For clarity and ease of comparison in Figure-1 — I’ve put the first 2 ECGs recorded in today’s case together. Regarding the initial ECG (TOP tracing in Figure-1) — I considered 3 possible conclusions:

• Conclusion #1: In the context of significant sinus tachycardia — my “eye” was captured by the presence of diffuse ST depression that is present in at least 8/12 leads (9/12 leads if you count the clearly straightened ST segment in lead V1).
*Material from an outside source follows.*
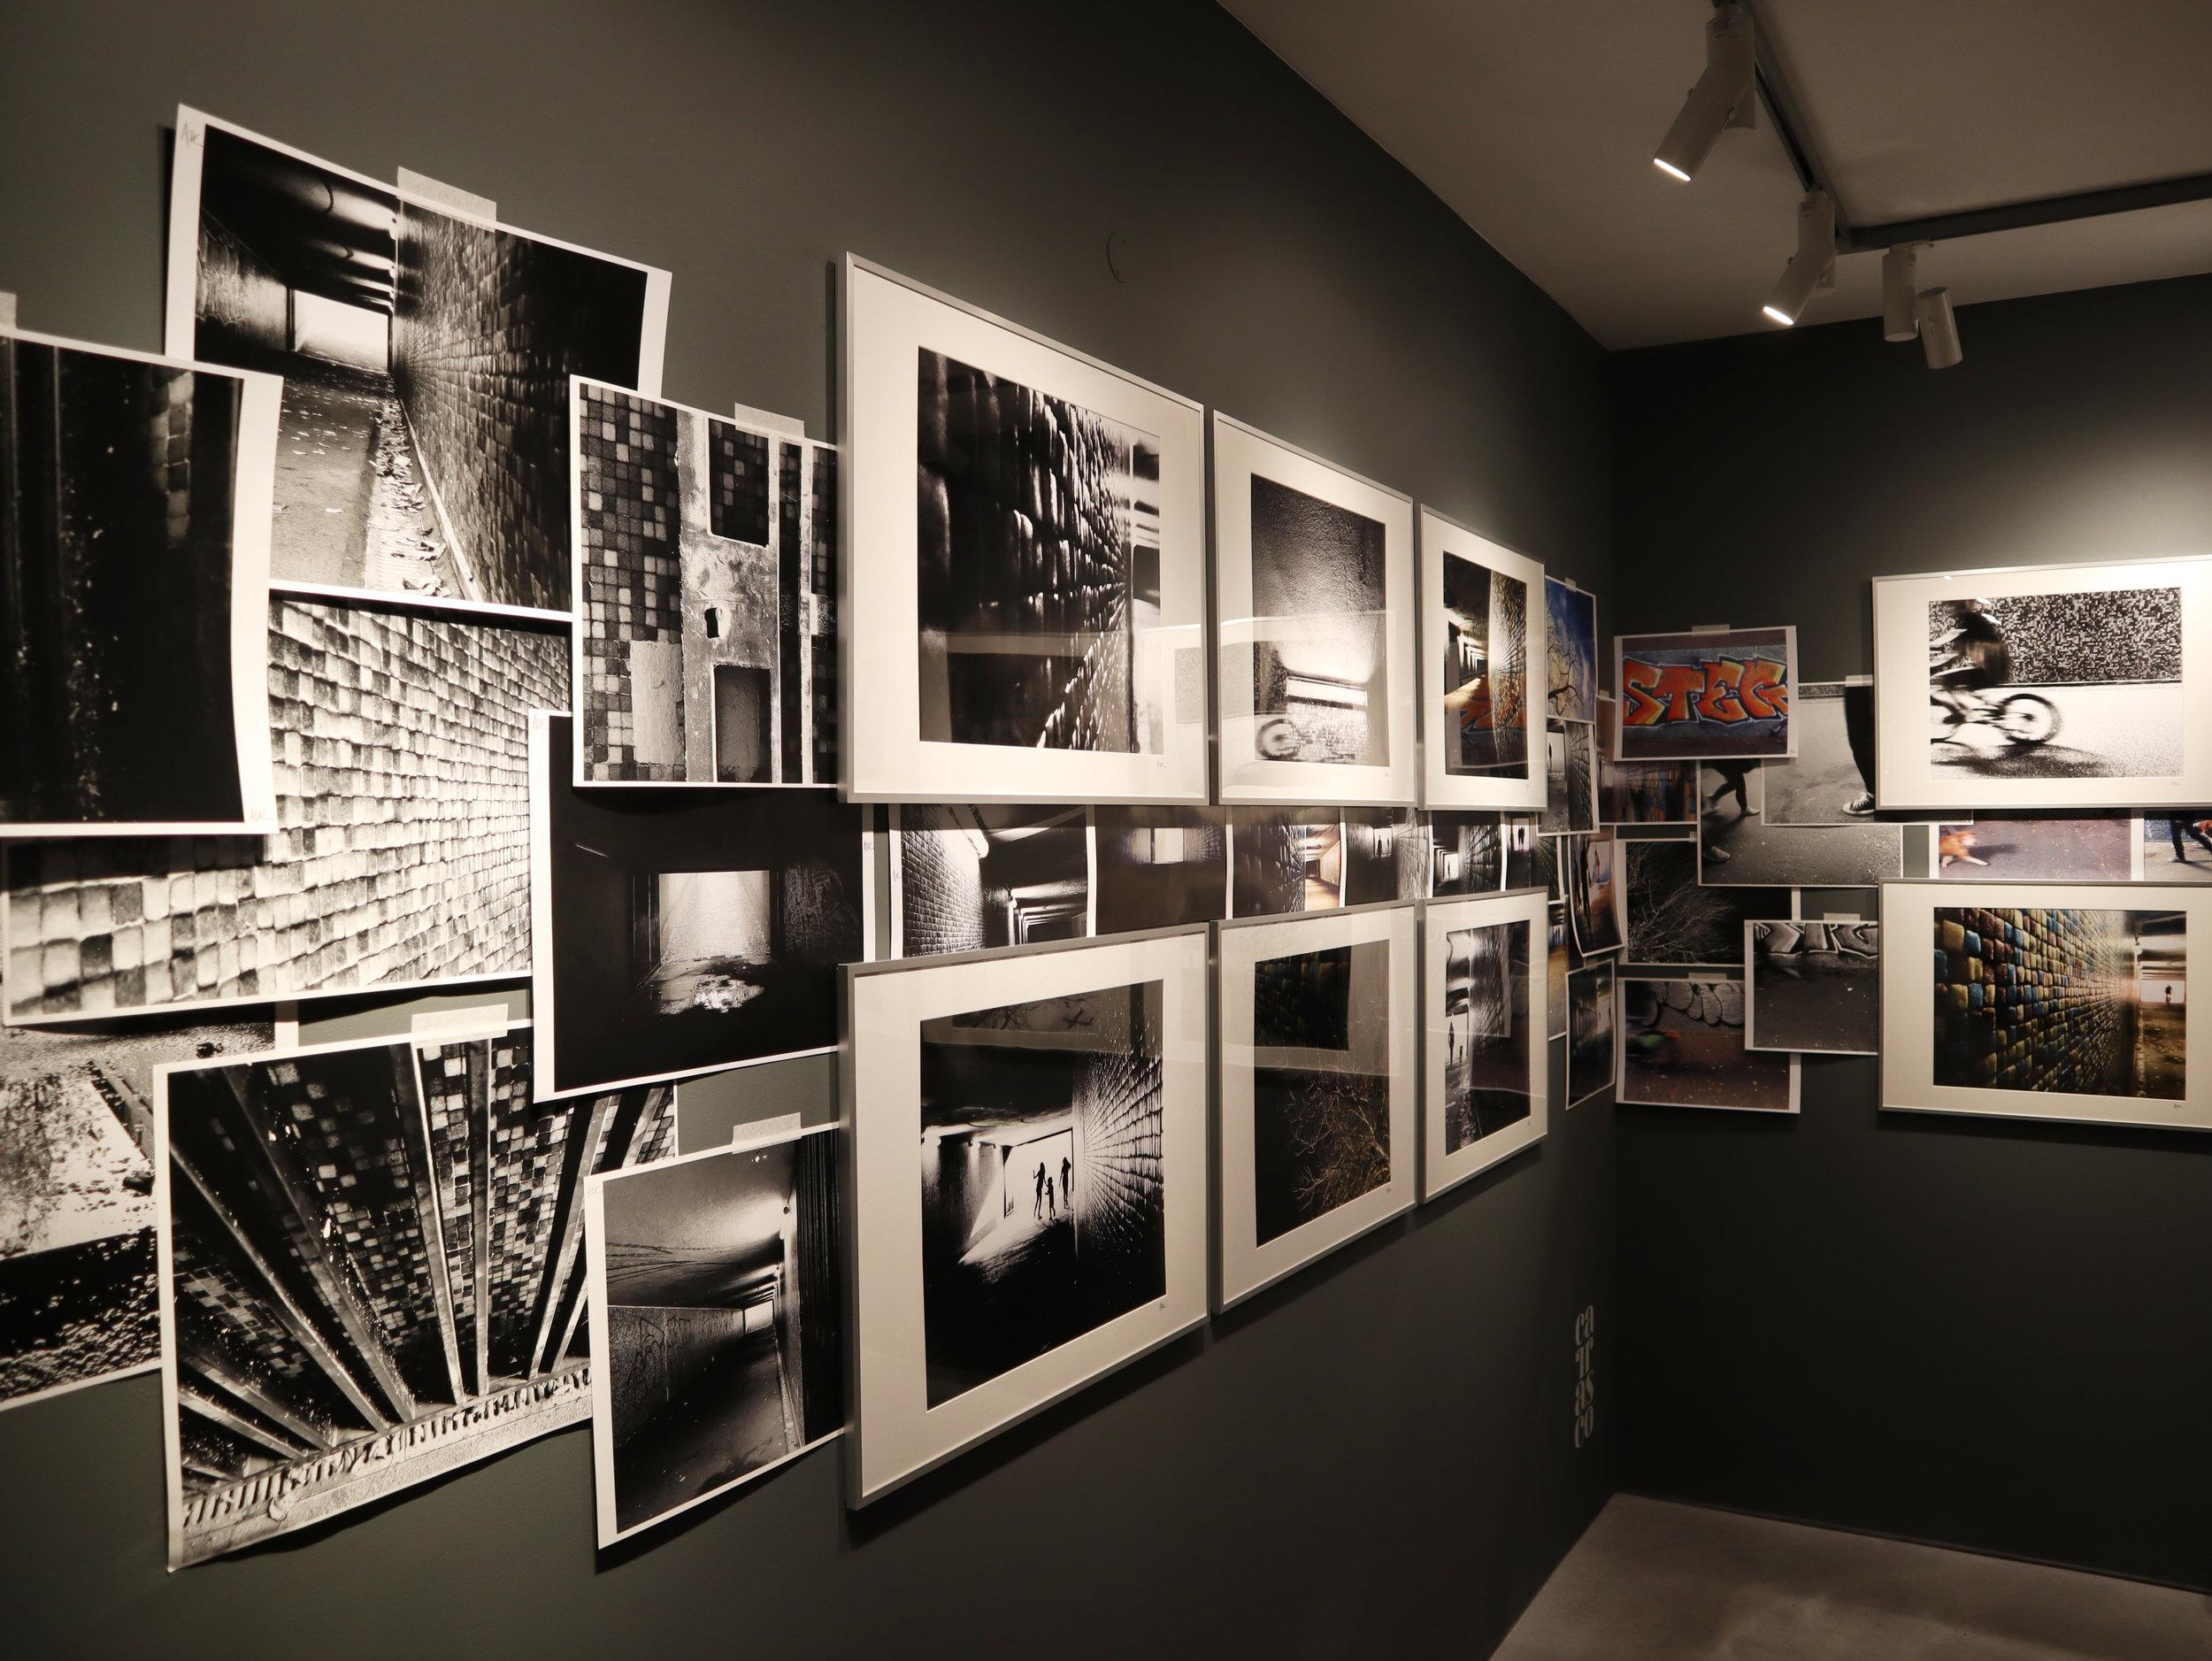 CARRASCO_art_gallery_DESOBJECTION_A.JPG

In association with ST elevation in lead aVR — my initial impression was DSI (Diffuse Subendocardial Ischemia). As emphasized in My Comment in the July 25, 2024 post — DSI does not necessarily indicate acute coronary occlusion. And although many patients with DSI do have severe coronary disease — other conditions (ie,tachyarrhythmias, hypotension, anemia, etc.) may cause DSI in the absence of underlying coronary disease.
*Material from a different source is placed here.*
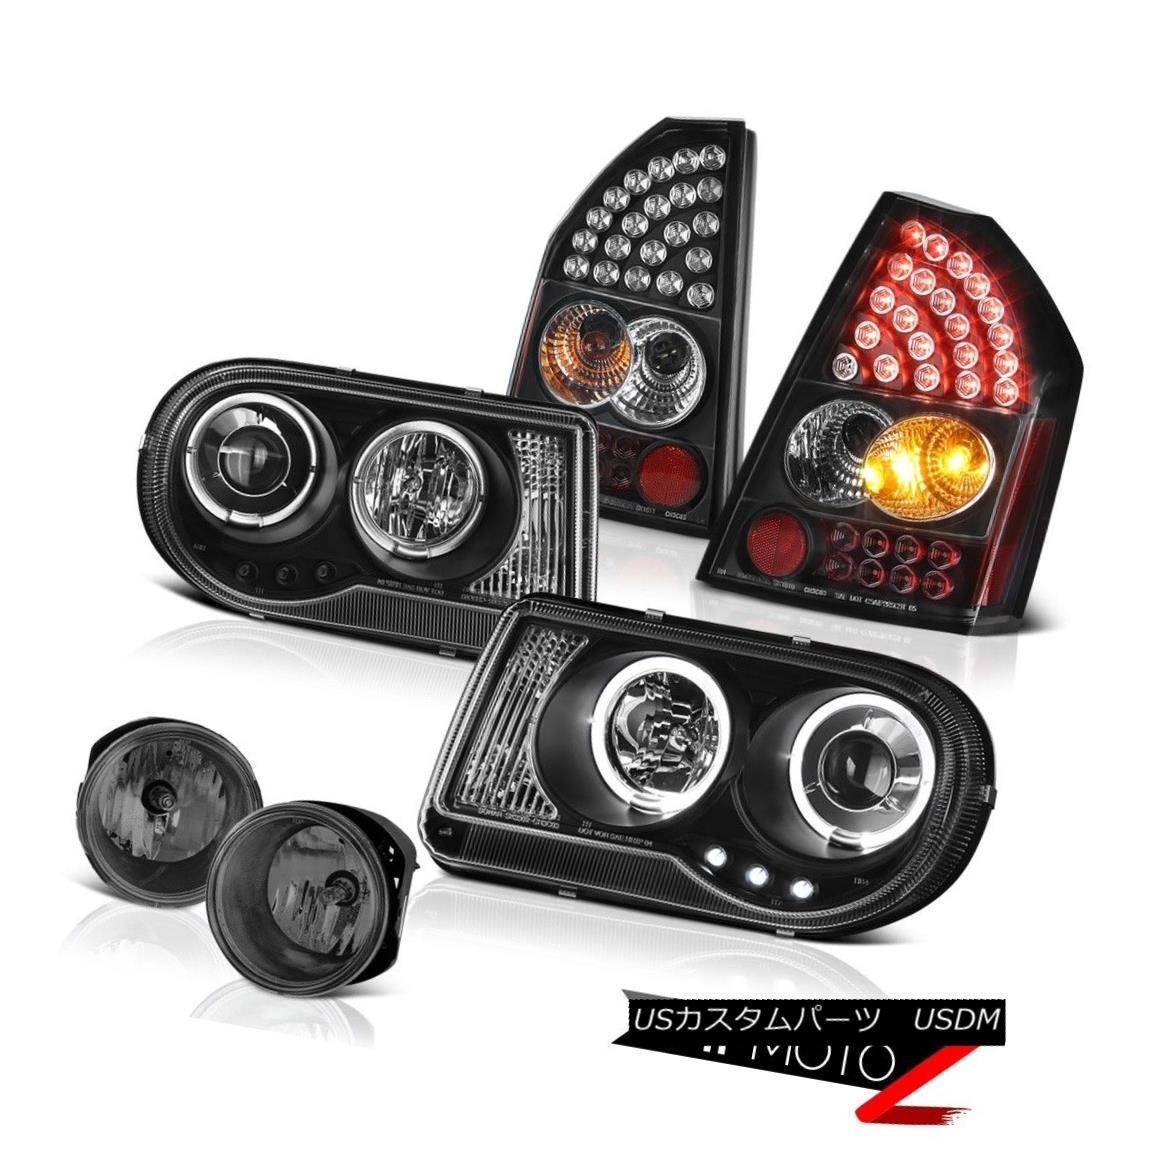 テールライト 2008 2009 2010 Chrysler 300C LED Daytime Headlights SMD Tail Lights Tinted Fog 2008年2009年2010年クライスラー300C LED昼間ヘッドライトSMDテールライトチョップドフォグ

• Conclusion #2: Distinction between DSI vs acute posterior OMI is sometimes difficult. Posterior OMI is suggested when ST depression in the chest leads is maximal in lead V2 and/or V3 and/or V4 — whereas DSI is more likely when there is little distinction in the relative amount of chest lead ST depression and/or when ST depression is maximal in lateral chest leads V5 and/or V6. More than just the relative amount of ST depression — my “eye” was drawn to the shape of the shelf-like flattened and depressed ST segment in lead V2 (downward RED arrow in Figure-1) — so like Dr. Frick, I also strongly suspected acute posterior OMI in ECG #1.
• Conclusion #3: My 3rd “conclusion” turned out to be the one I favored most ==> both DSI and posterior OMI. In addition — I thought the straightened (but neither elevated nor depressed) ST segment takeoff in lead III of ECG #1 was different than the definite ST depression in the other 2 inferior leads (leads II,aVF) — such that ECG #1 manifested certain features of an Aslanger Pattern, in which the lead III ST-T wave appearance might be signaling ongoing inferior OMI in this patient with ECG signs of associated posterior OMI and DSI (See My Comment in the November 14, 2025 post — for another example of these Aslanger-like features).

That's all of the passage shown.